From Polygraphs to Predictive Analytics
The big question is whether things will be different this time. The tools for collecting and processing data have improved immensely since Forrester’s time. And so far it seems that most implementations of big data are focusing on solving one particular problem, rather than trying to model the entire world.
Still, I suspect there will be many failures and that many of these failures will not be acknowledged. One of my predictions for 2011 was that predictive analytics (which as Revolution Analytics CEO and SPSS co-creator Norman H. Nie says, is actually just a new name for statistical modeling) would be applied to more and more areas, even if it doesn’t work.
For example, earlier this year Nature reported that the U.S. Department of Homeland Security is testing a system for detecting terrorists at airports called Future Attribute Screening Technology. The journal reported “Like a lie detector, FAST measures a variety of physiological indicators, ranging from heart rate to the steadiness of a person’s gaze, to judge a subject’s state of mind.”
The downside is that polygraphs have never been proven accurate, and I’m doubtful that this technology will be able to accurately predict individual humans’ behavior. I consider myself a determinist, but I think the actual ability to predict every possible outcome of human behavior is far beyond our abilities.
Last year Jonah Lehrer wrote about a phenomena called the “decline effect” – the tendency for support for scientific claims to decrease as experiments are repeated. In particular, behavioral science seems to be greatly affected by the decline effect. Part of this is due to publication bias, but according to Lehrer a big part of the problem is sheer randomness (see also this follow-up).

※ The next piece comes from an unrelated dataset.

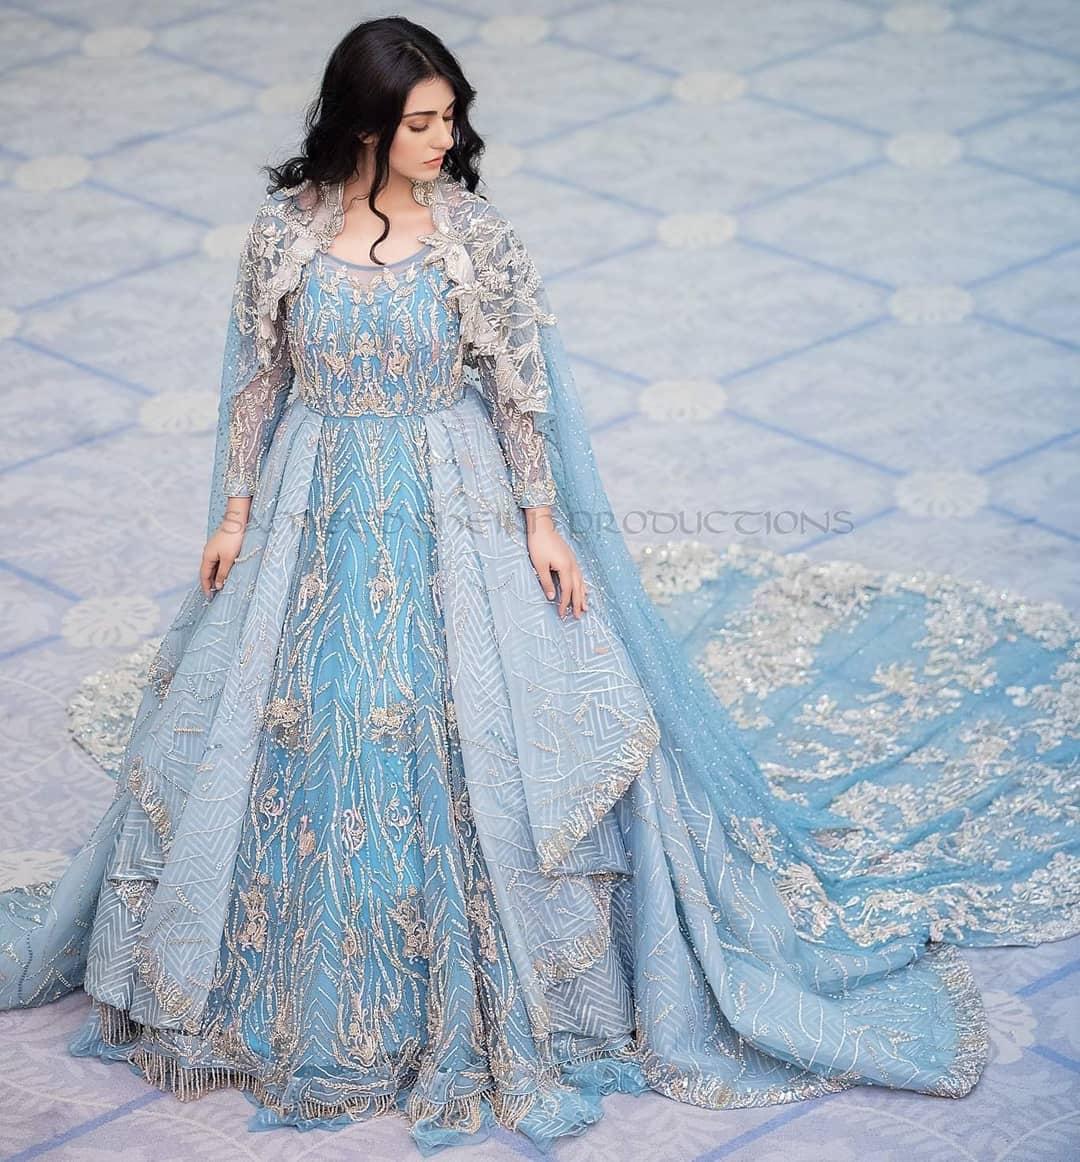 Pakistani Model Sarah Khan Photoshoot (13)

Human behavior is extremely messy and hard to model. In some cases, that might be fine. If a “other products you might like” widget or targeted advertising system mostly shows users stuff they don’t want, it’s okay as long as it gets it right enough to boost sales. Trying to predict and prevent terrorism, without unduly targeting innocents, is much more difficult.
This Ad’s For You
Companies like Hunch and OK Cupid are learning a lot of interesting stuff by analyzing data – but how useful is it? Even if we could assume beyond a shadow of a doubt that 60% of people who like beer are willing to have sex on a first date, you’re always going to have the exceptions.
And even in the case of advertising, I’m still not sure we’re going to get to a point that all the money being spent on finding ways to turn big data into advertising dollars is going to turn out to be a good investment. It’s worked out well for Google, but it hasn’t for virtually any other company. For all the data Facebook supposedly has on us, Facebook ads are less effective than banner ads.
Then there’s the question of what to actually do with all that data. Last year we asked what you would do with the massive data sets generated by persistent surveillance. We mostly got crickets.
So no, not only will big data not “save us all” – it won’t even save all our businesses. That doesn’t mean it’s not relevant – it doesn’t even mean that the ability to cope with massive data sets isn’t the most significant technological development of the past decade. But it would be unwise to put too much faith in our ability to crunch numbers.